## [Data block]
= Beginning of Section =
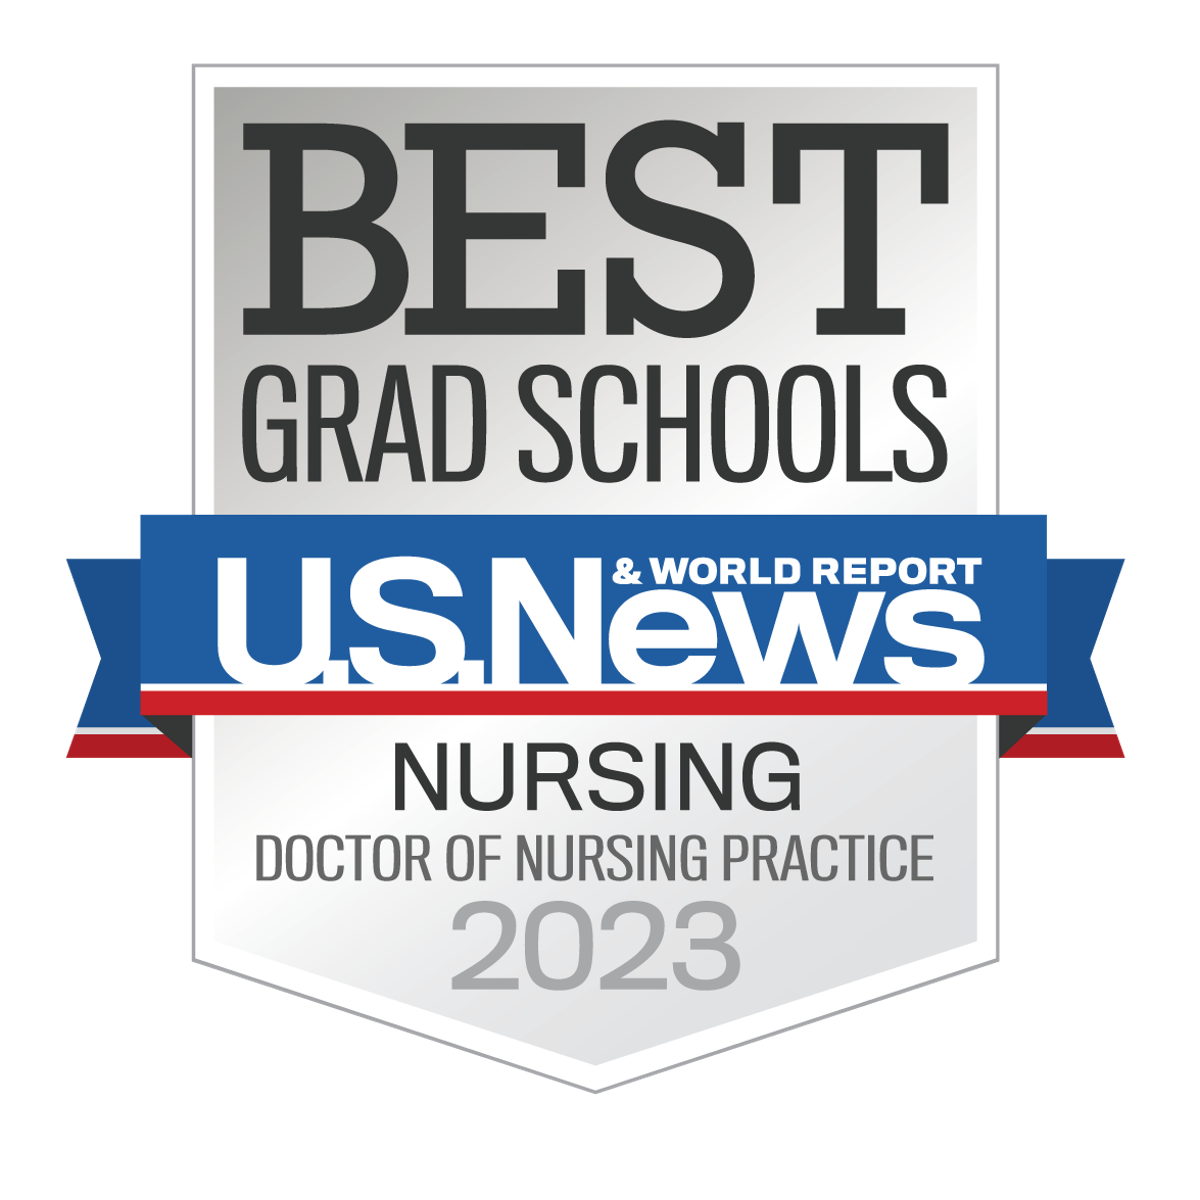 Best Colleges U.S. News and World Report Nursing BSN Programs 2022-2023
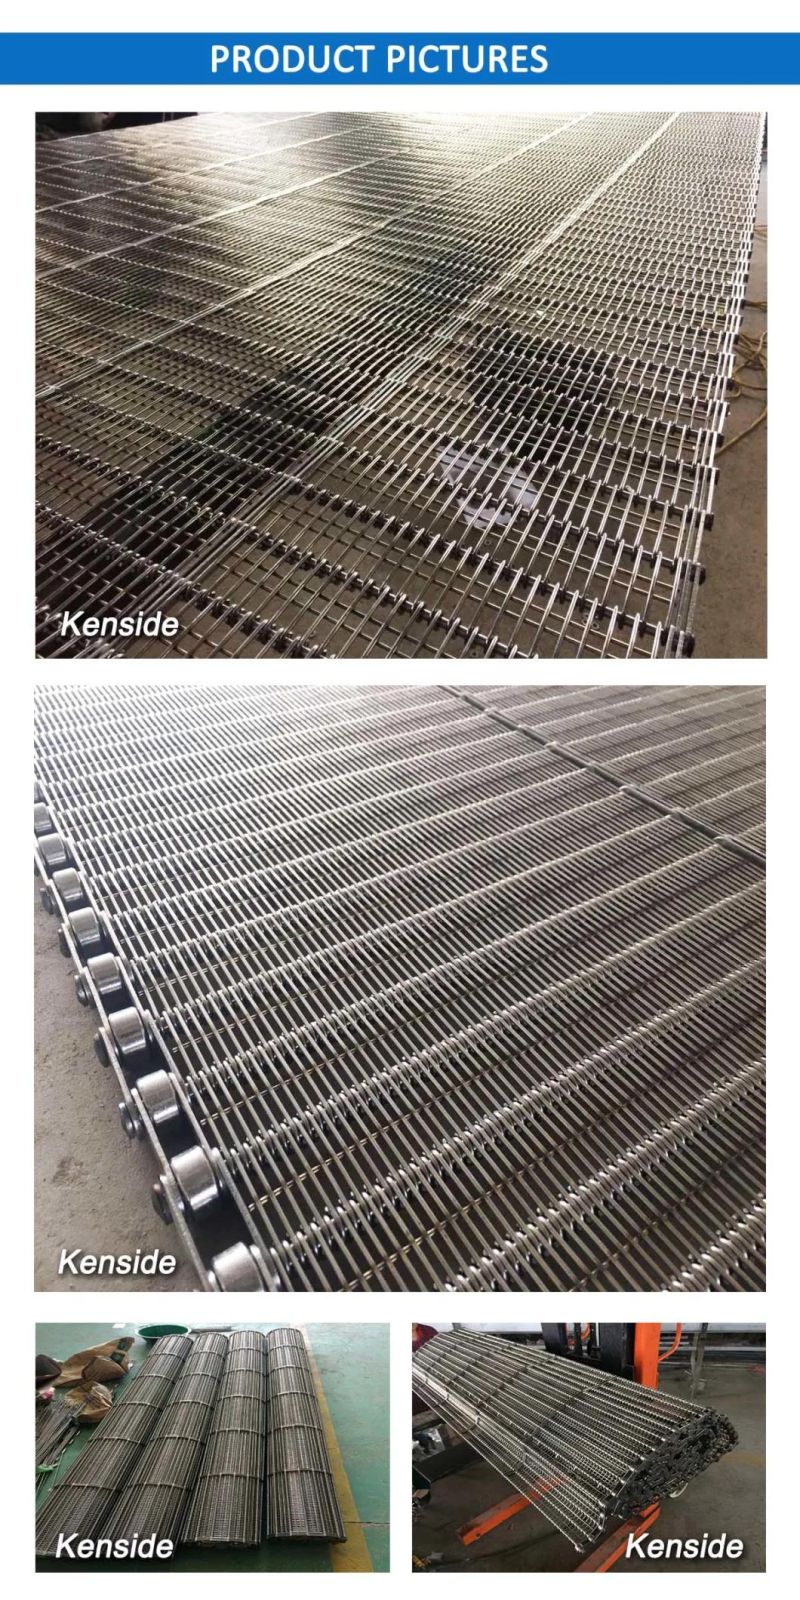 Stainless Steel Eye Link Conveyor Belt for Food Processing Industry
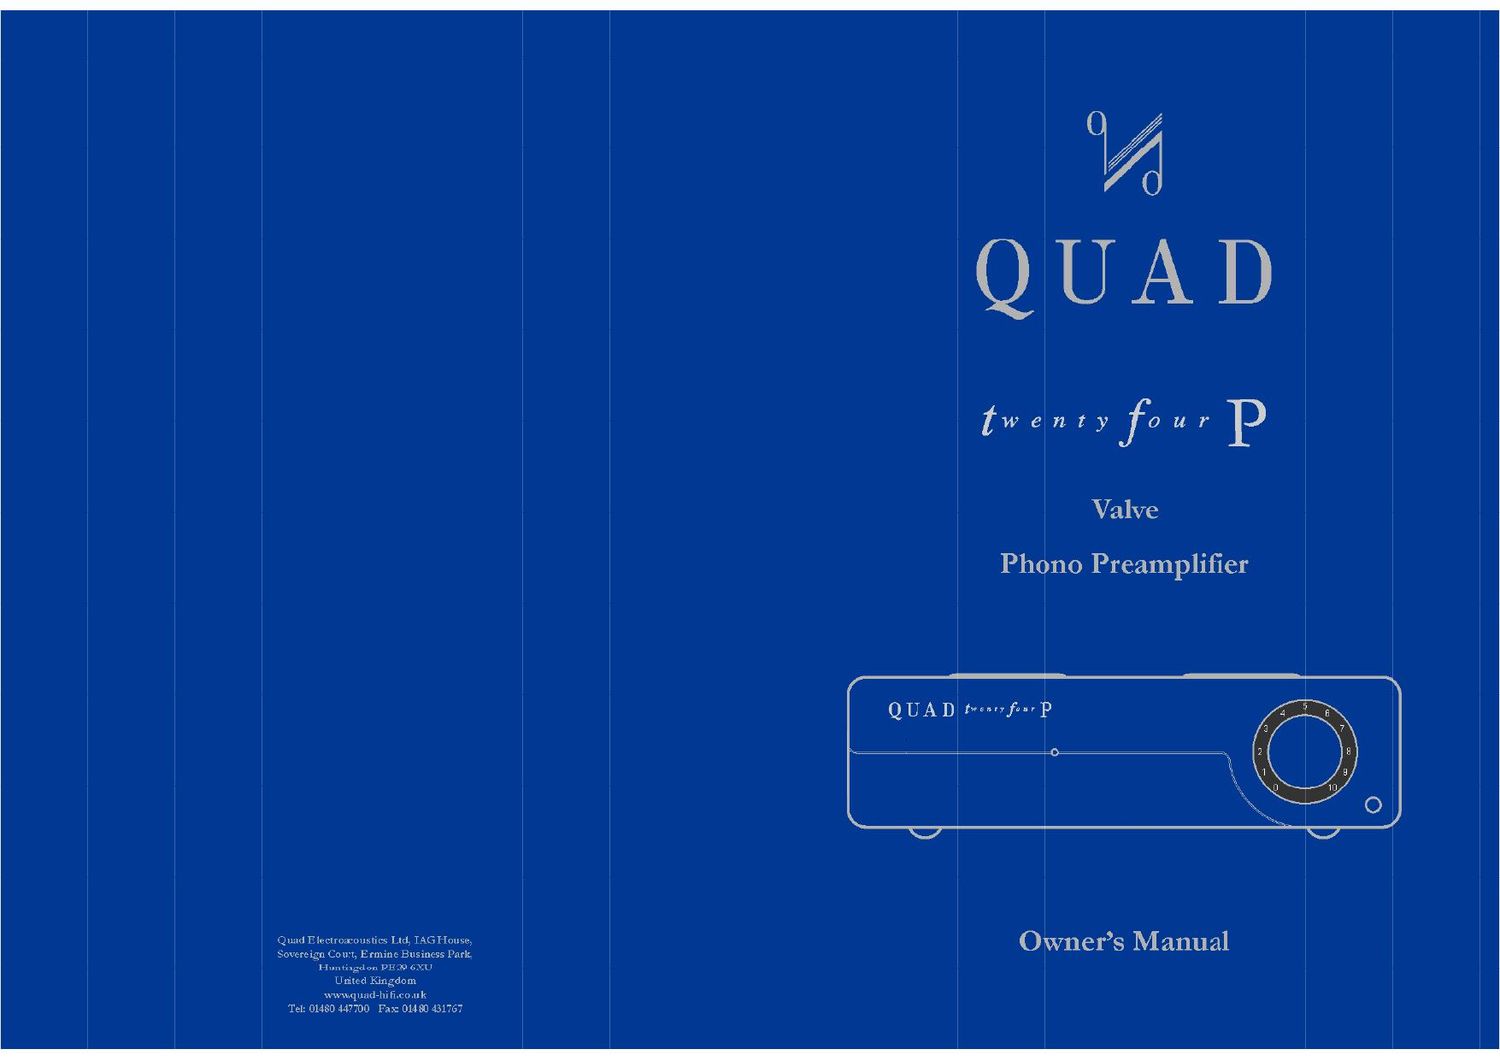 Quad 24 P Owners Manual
= End of Section =
## [Problem requirements]
Could you return the whole listing exactly, with every picture removed?

## [Written response]
 Best Colleges U.S. News and World Report Nursing BSN Programs 2022-2023
 Stainless Steel Eye Link Conveyor Belt for Food Processing Industry
 Quad 24 P Owners Manual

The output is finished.